This blog collects perspectives on the election you won't find anywhere else, by political experts, based in the School of Politics and International Relations at The University of Nottingham.

Monday, 19 April 2010

Letters From Economists

"The tale of the 364 may simply illustrate that the backing of economists – though rhetorically useful for politicians – is not a reliable guide to good policy..."
Those following the on-going debate about how and when to reduce the deficit will have seen a letter printed in last Thursday’s Daily Telegraph. Signed by almost sixty academic economists, it is the second to back Labour’s plans to delay spending cuts until ‘the recovery is well underway’, and warned that Conservative plans to cut immediately could ‘imperil not only jobs but also the prospects for reducing the deficit’.

It serves as a response to similar letters from business leaders and yet more economists warning that the Labour Party’s approach to managing the economic recovery poses exactly the same risks as the Tory strategy for cutting the deficit.

Those with longer political memories, though, will recall a similar letter of March 1981, when Geoffrey Howe’s monetarist, deflationary budget provoked howls of derision from professional economists. In the depths of a recession and at a time of growing unemployment, Howe and Margaret Thatcher had proposed substantial increases in taxation alongside substantial cuts in public borrowing – precisely the reverse of the counter-cyclical policies advocated by the Keynesian economists who then dominated the profession.

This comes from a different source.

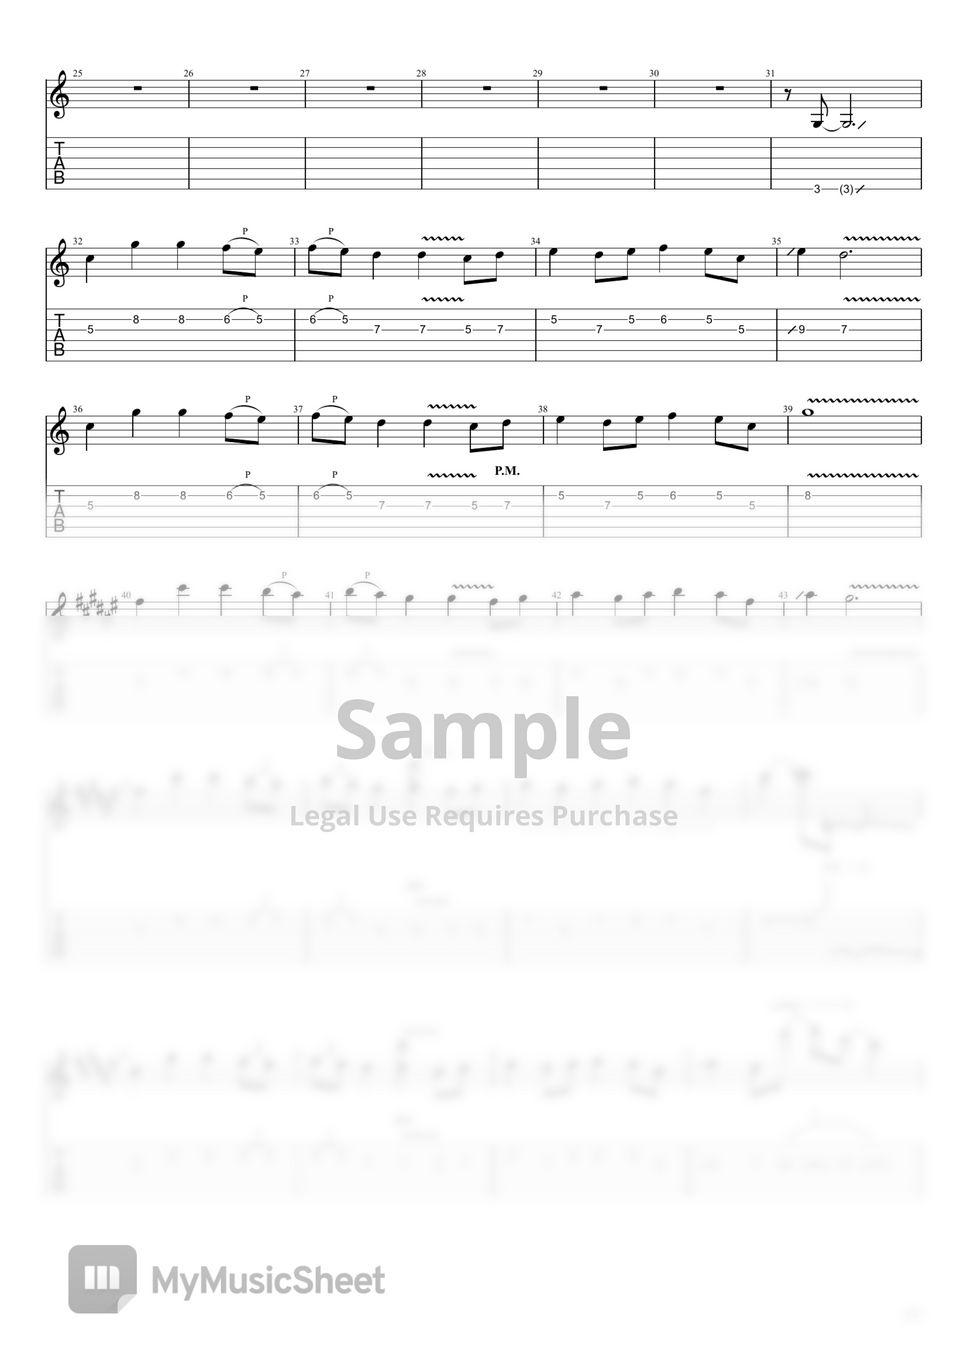 Top Gun - Top Gun Anthem (Very Easy Level, Lead Guitar) (Faltermeyer  Harold) - Guitar Tabs and Sheet Music

The response to these measures was a letter to The Times, signed by 364 academic economists from universities across Britain, condemning the budget as having ‘no basis in economic theory’ and as posing a significant risk to ‘the industrial basis of our economy and… its social and political stability’. The signatories urged the government to ‘reject monetarist policies and consider urgently which alternative offers the best hope of sustained recovery’.

The letter had been signed by a cross-section of the most eminent names in economics – including James Meade, Amartya Sen, Alec Cairncross, and Nicholas Kaldor, alongside the present Governor of the Bank of England, Mervyn King (not to mention one of my former tutors) – and appeared to demonstrate the utter intellectual isolation of the government. When challenged, Mrs Thatcher was able to name two economists who supported the measures in the budget – her own advisors, Alan Walters and Patrick Minford – but one civil servant is said to have quipped afterwards that it was a good job she hadn’t been asked to name three.

Nearly thirty years on, however, the conventional wisdom would have it that the 364 economists were wrong and that Howe and Thatcher were right (although some of the signatories continue to defend their position). Although unemployment continued to rise, and would not peak until 1986, the prophesised depression never arrived. Indeed, an economic recovery began within weeks of the letter’s publication and seemed to make a mockery of the economists’ predictions.

The tale of the 364 may simply illustrate that the backing of economists – though rhetorically useful for politicians – is not a reliable guide to good policy.